Reimbursement News

CMS Details Medicare Payment for New COVID-19 Antibody Drug

Medicare payment will be available for the purchase and infusion of bamlanivimab, a COVID-19 antibody drug recently approved by the FDA for emergency use.

CMS provides Medicare payment, billing policy for new COVID-19 antibody drug

Source: Centers for Medicare & Medicaid Services

By Jacqueline LaPointe

- Just a day after the FDA approved the emergency use of a new COVID-19 antibody drug, CMS updated Medicare payment and billing policies to ensure providers have access to the new treatment for coronavirus patients.

CMS announced yesterday that Medicare payment will be available for both the purchase and administration of bamlanivimab, which can be used to treat mild-to-moderate COVID-19 in certain adult and pediatric patients, according to the FDA’s recent emergency use authorization.

The agency said it plans to pay 95 percent of the average wholesale price for the COVID-19 antibody drug to providers who purchase it. However, the drug is expected to be free for healthcare providers at first, according to the announcement.

But even with free doses, CMS will reimburse providers for the administration of the drug.

The Medicare payment rate for the administration of bamlanivimab will be $309.60. The rate will cover one hour of infusion and post-administration monitoring in the hospital outpatient setting and will be adjusted according to geographic region, the agency explained in an instruction guide accompanying the announcement.

Healthcare providers will be able to bill for the administration of the drug’s infusion on a single claim for COVID-19 monoclonal antibody administration or they can submit claims on a roster bill.

But providers should understand that the administration of the new COVID-19 antibody drug is more complex than other services that are billed using roster billing, CMS warned.

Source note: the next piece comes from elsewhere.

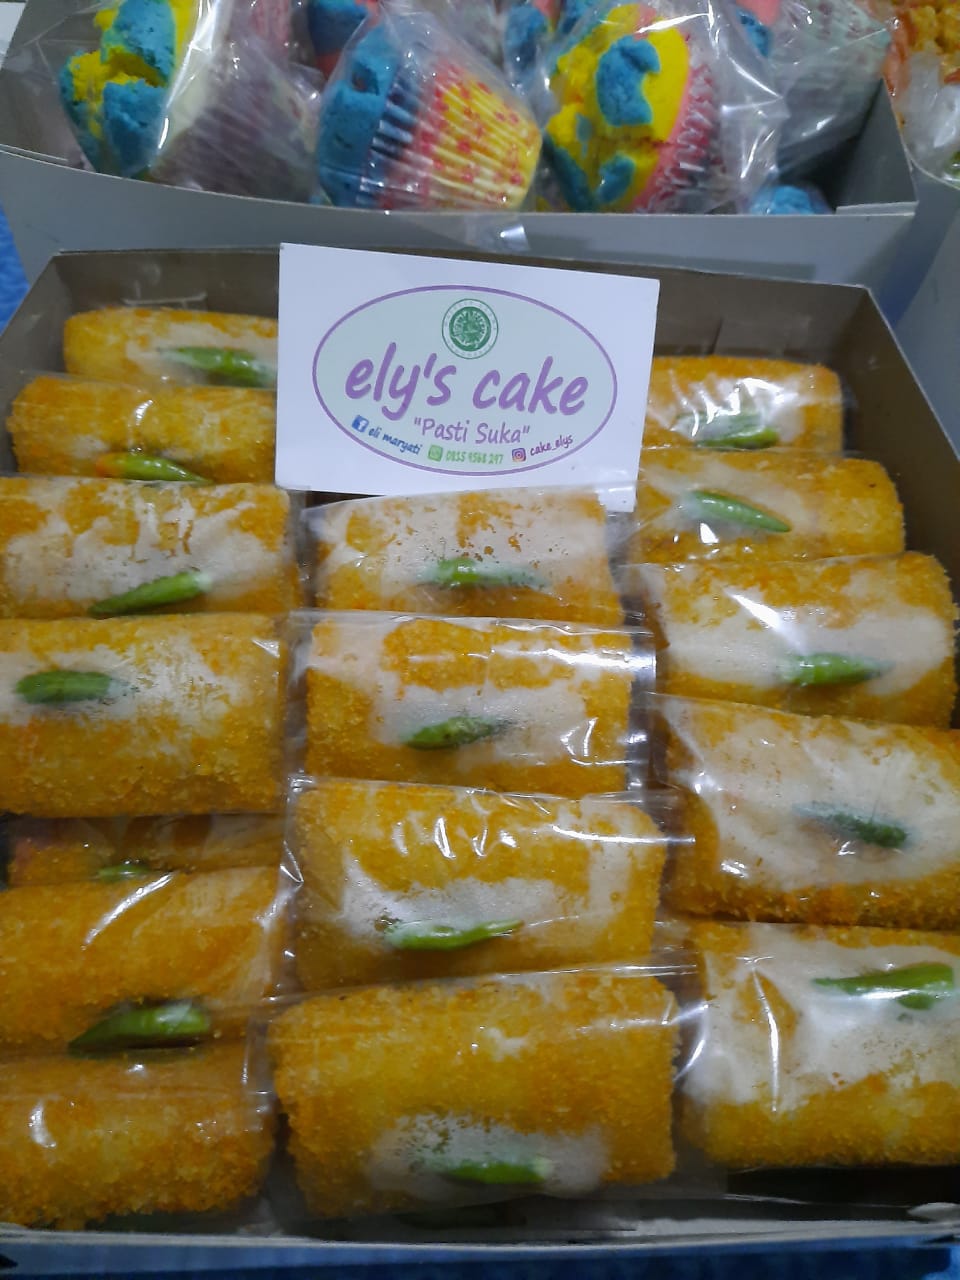 Cake Sosis Ayam Solo Rp. 2,500,- - Rp. 3,500,- / Pc
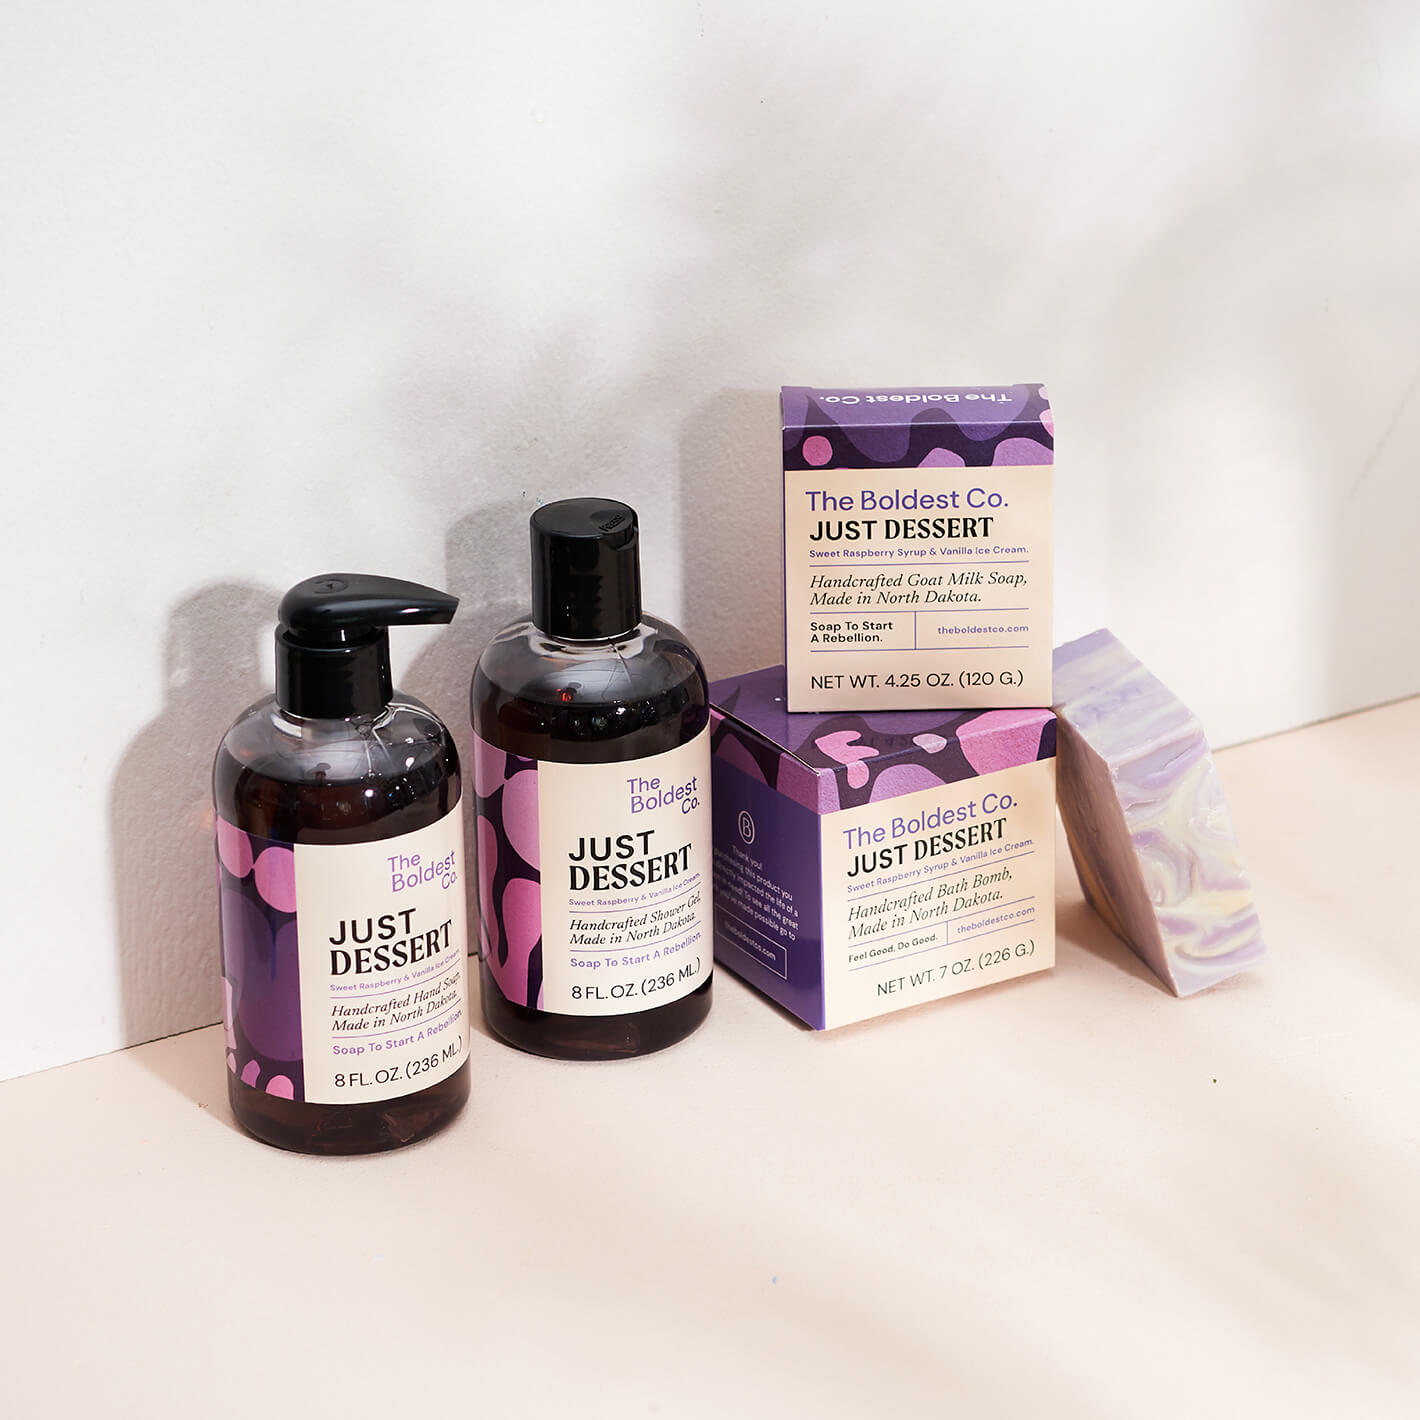 Brand identity case study image of The Boldest co’s ‘Just Dessert’ scent range. A hand wash, shower gel, soap box and bath bomb box feature purple detailing and sit in a cream coloured background.

The FDA’s emergency use authorization sets specific criteria for who is eligible to receive the COVID-19 antibody drug and providers will need to provide medical documentation that not only supports the medical necessity of the drug’s administration, but also that it meets the terms of the FDA’s authorization.

For example, providers will need to document that the drug is being used for the treatment of mild-to-moderate COVID-19 in a patient who is at high risk for progressing to severe COVID-19 and/or hospitalization. Medical documentation should also include the name of the practitioner who ordered or made the decision to administer the drug, even when claims for the administration are submitted on roster bills.

Additionally, CMS said healthcare providers should only seek Medicare reimbursement for the administration of the COVID-19 antibody drug if they received the drug for free. In that case, providers should not include the codes for the monoclonal antibody on the claim, the agency stated.

The codes for the COVID-19 antibody drug and its administration are:

  • Q0239: Long descriptor: Injection, bamlanivimab-xxxx, 700 mg Short descriptor: bamlanivimab-xxxx
  • M0239: Long Descriptor: intravenous infusion, bamlanivimab-xxxx, includes infusion and post administration monitoring Short Descriptor: bamlanivimab-xxxx infusion

CMS intends for the updated Medicare billing and payment policy to enable a broad range of providers to administer the drug. The agency expects freestanding and hospital-based infusion centers, home health agencies, nursing homes, and entities with whom nursing homes contract for this to be able to administer the drug under the new policy.

The agency also aims to ensure broad access to the drug. To achieve this, CMS is making the drug free to Medicare beneficiaries. For providers, this means Medicare patients will not pay a copayment, coinsurance, or part of their deductible for the infusion.

“Today, CMS is announcing a historic, first-of-its kind policy that drastically expands access to COVID-19 monoclonal antibodies to beneficiaries without cost sharing,” CMS Administrator Seema Verma said in yesterday’s announcement. “Our timely approach means beneficiaries can receive these potentially life-saving therapies in a range of settings – such as in a doctor’s office, nursing home, infusion centers, as long as safety precautions can be met. This aggressive action and innovative approach will undoubtedly save lives.”

Eli Lilly & Company who developed and will distribute the COVID-19 antibody drug has made a deal with the federal government to provide the first doses to HHS and the Department of Defense. The company will provide 300,000 doses to the federal departments at a price of $375 million. The departments also have the option to purchase up to 650,000 additional doses through the end of June 2021 for $812.5 million.